Dan West, also known as d'Animal, is an American rock and jazz musician, songwriter and producer, and one half of the duo LoveyDove.

Early life and influences 

West was raised in the San Fernando Valley, California. From an early age, his older cousins would give him their records of The Beatles, The Monkees, Paul Revere and The Raiders whose music inspired him to ask his father for a guitar at the age of 7 years old. He was told by his father James Douglass West, a television writer for Lassie and Wonderful World of Disney and a former musician, that he had to learn the piano for one year before receiving a guitar, which he did. He then acquired a drum set after being inspired by the Gene Krupa and Buddy Rich drum battle album on Verve.
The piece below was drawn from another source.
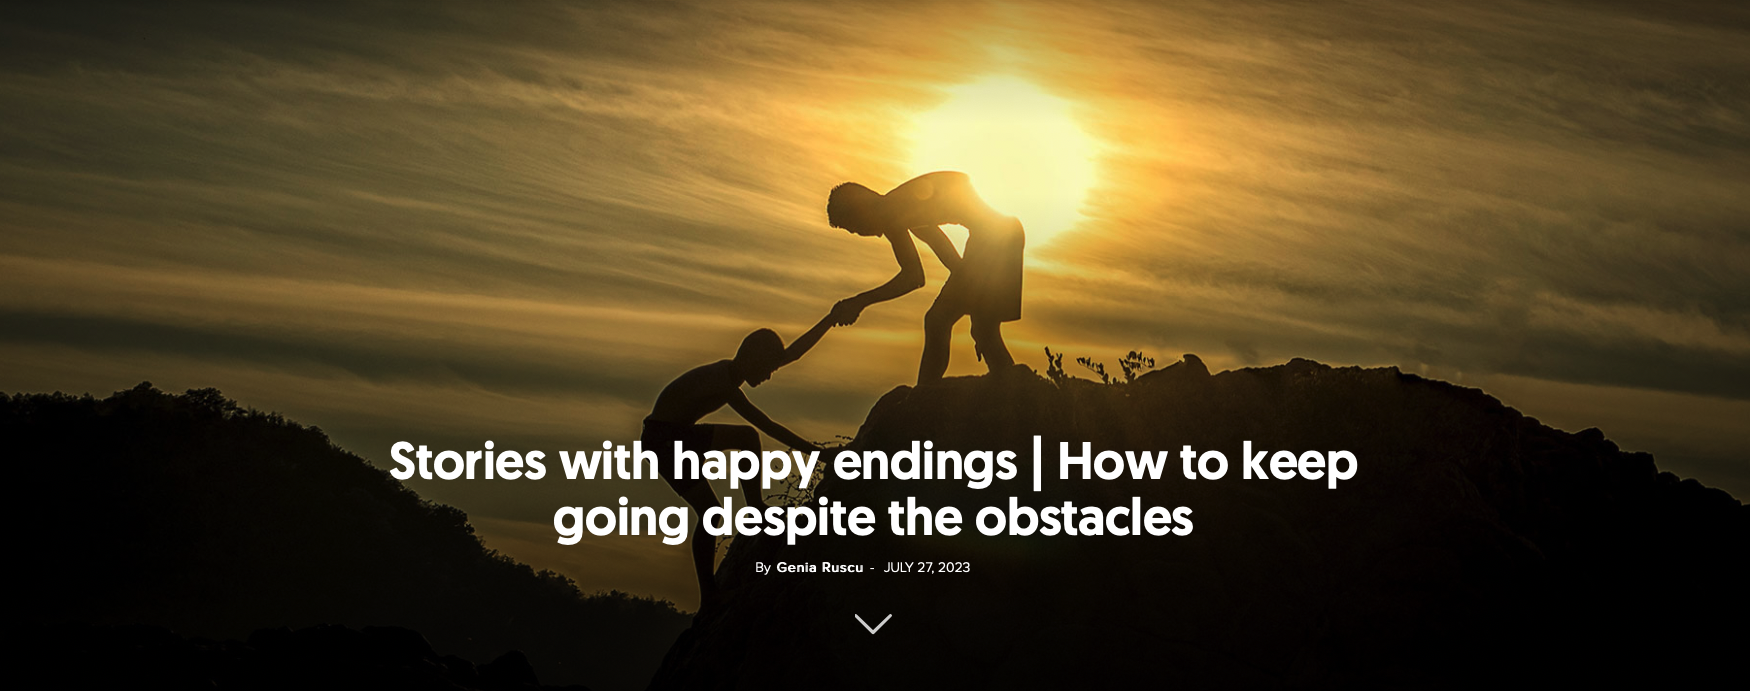 How to cherish the obstacles in your life

West had mastered several instruments by the time he was a young adolescent. Prior to performing in Los Angeles rock clubs before he was old enough to drink there, he would routinely form bands and play at backyard parties. He cites the "creative atmosphere" in which he was raised as formative to his career, and is known for his versatility as "a multi-instrumentalist (who) shifts from genre to genre with a dazzling agility". West now plays the piano, bass, guitar, drums, cello, upright bass, flute, clarinet, composes for orchestra and big band, and does music programming.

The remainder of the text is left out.